EXERCISE DESCRIPTION -
Transcribe the data verbatim and drop its images.

SUPPLIED MATERIAL -
▬▬▬▬▬▬

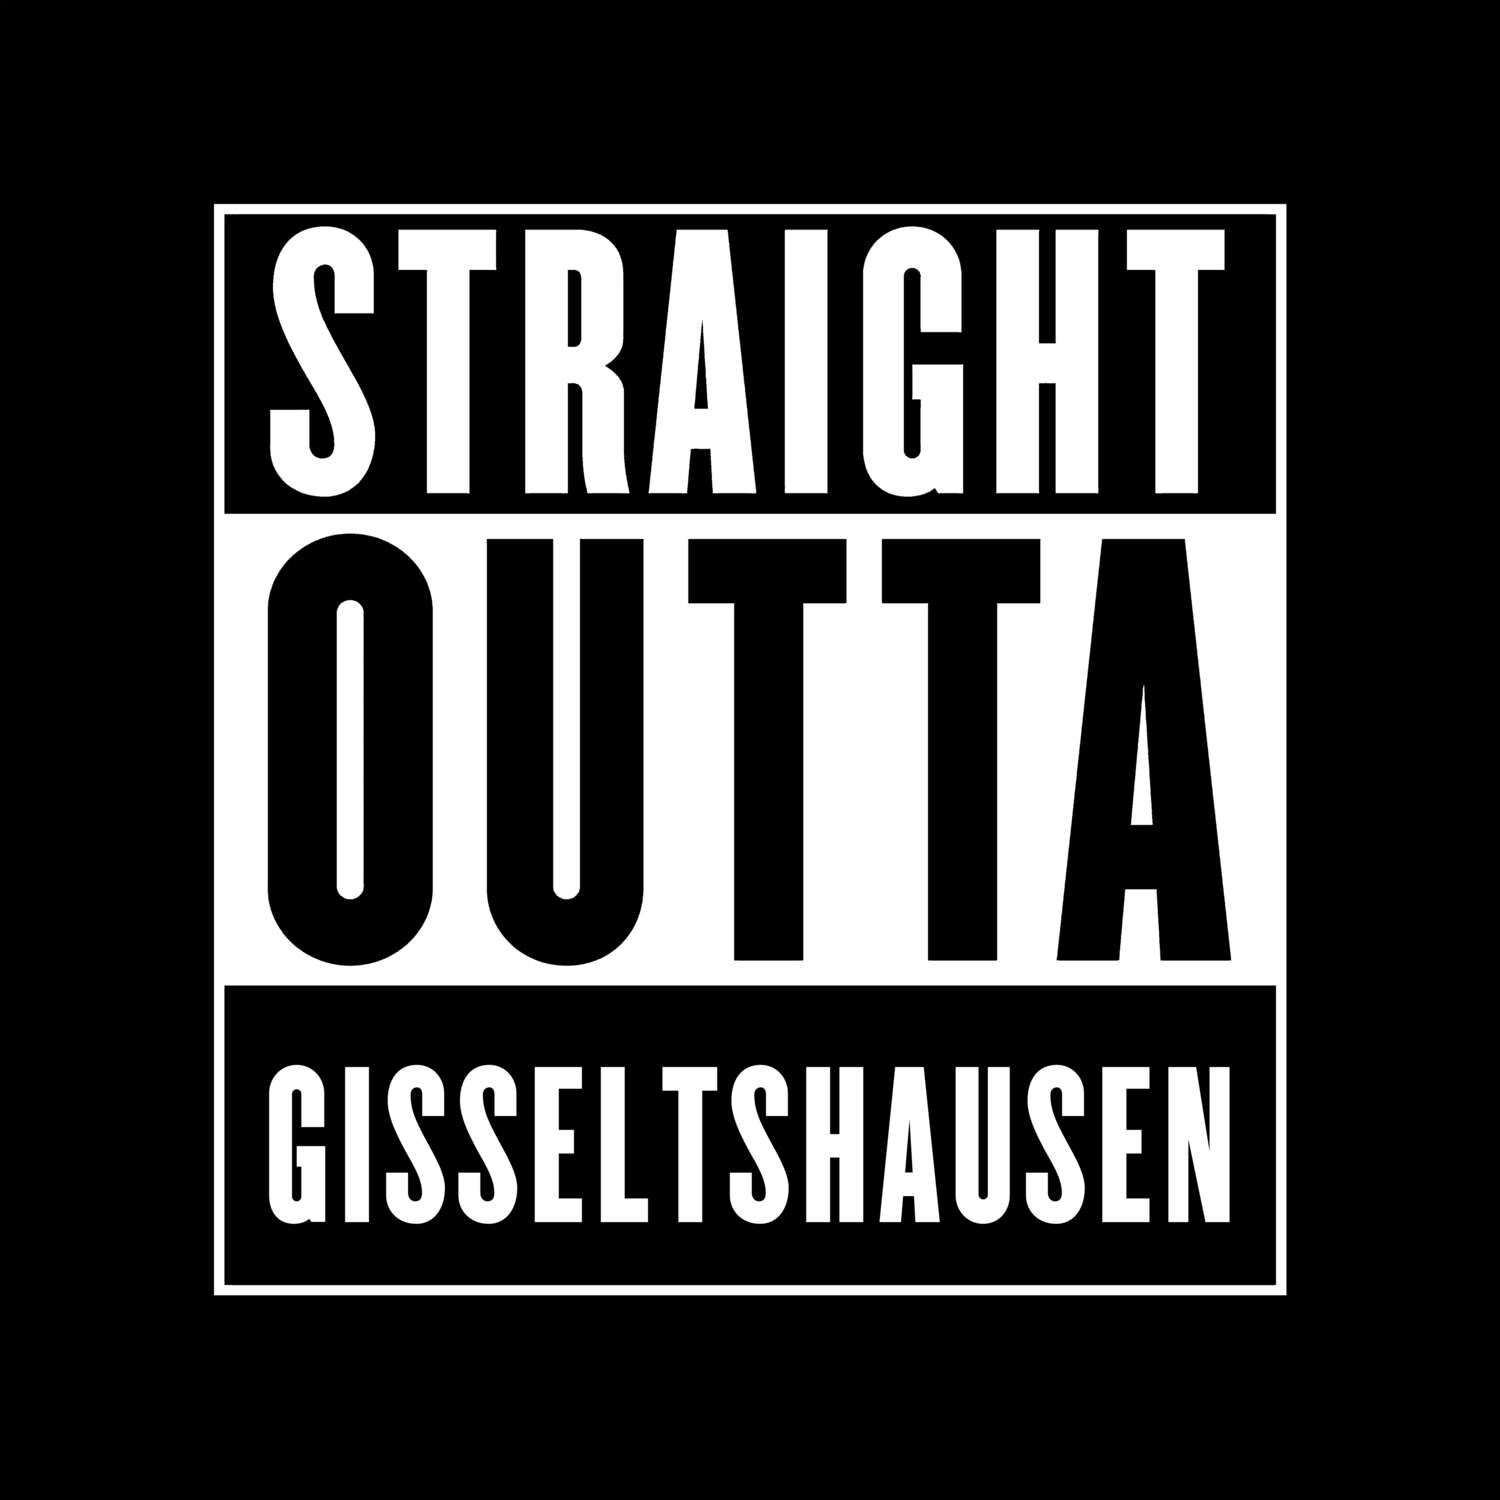 Gisseltshausen T-Shirt »Straight Outta«
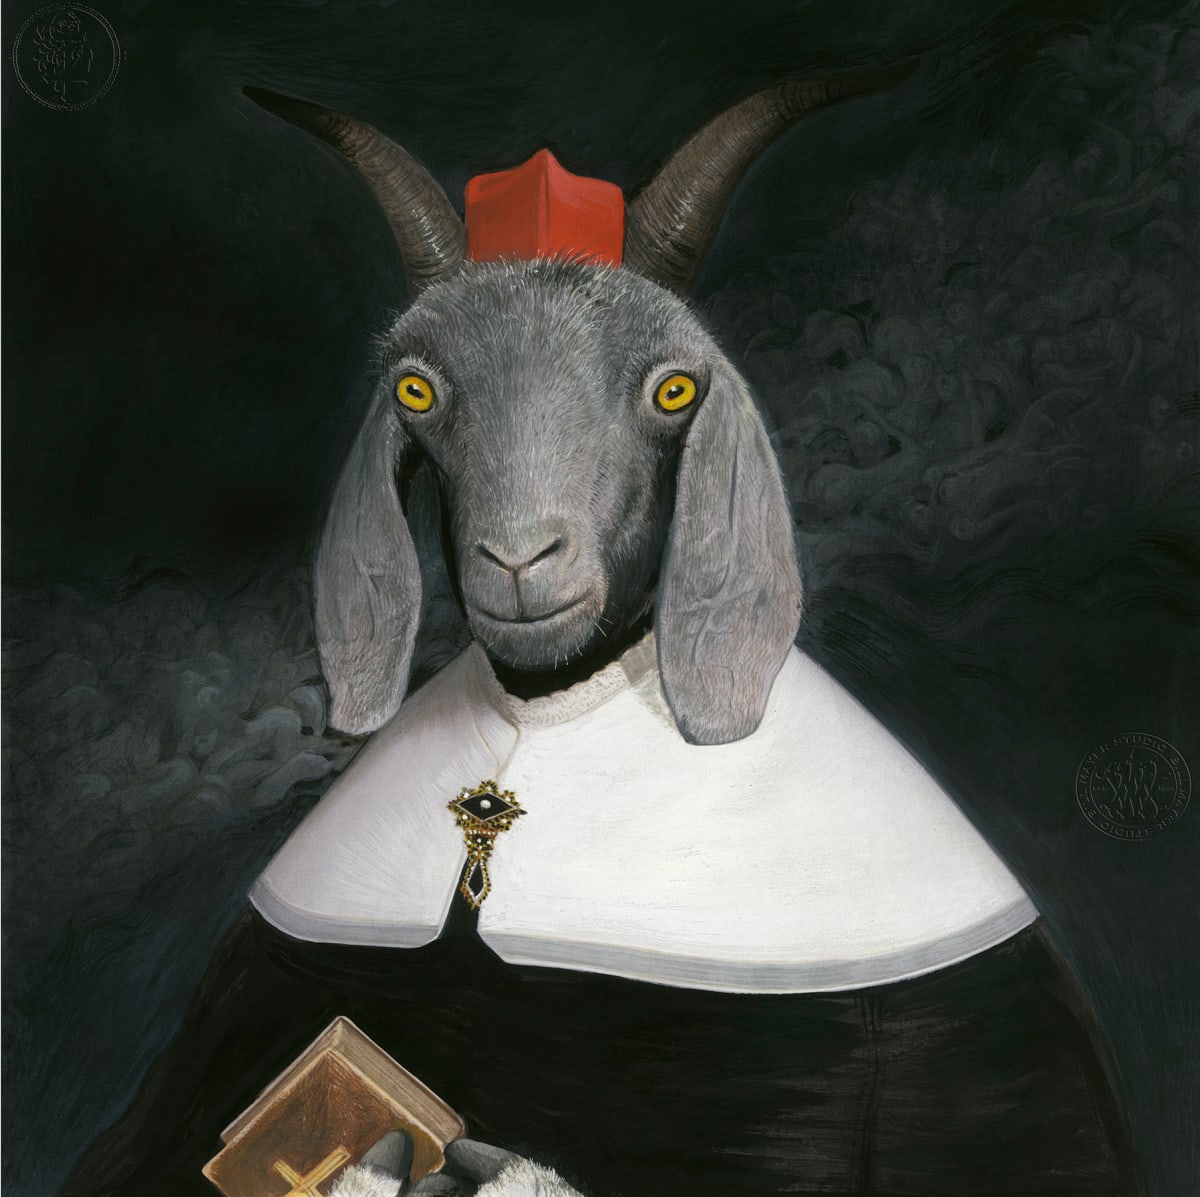 El Cabro Beata (The Pious Goat) by Bill Mayer 
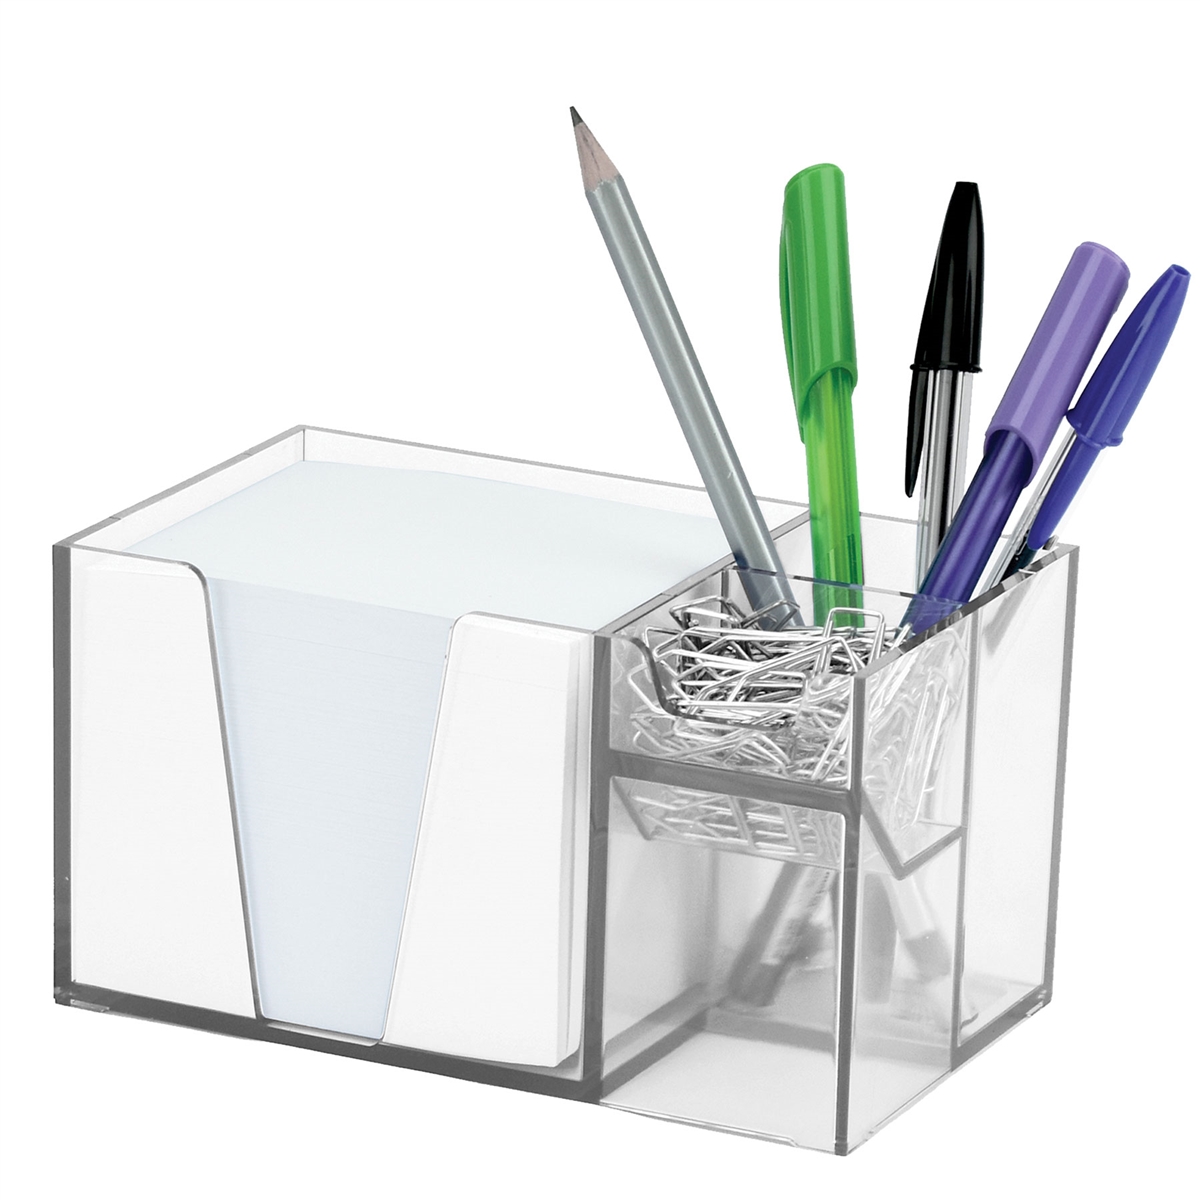 Acrimet Desk Drawer Organizer Clear Crystal 7 Pack 4 Sizes 975.0

▬▬▬▬▬▬

THE ANSWER -
 Gisseltshausen T-Shirt »Straight Outta«
 El Cabro Beata (The Pious Goat) by Bill Mayer 
 Acrimet Desk Drawer Organizer Clear Crystal 7 Pack 4 Sizes 975.0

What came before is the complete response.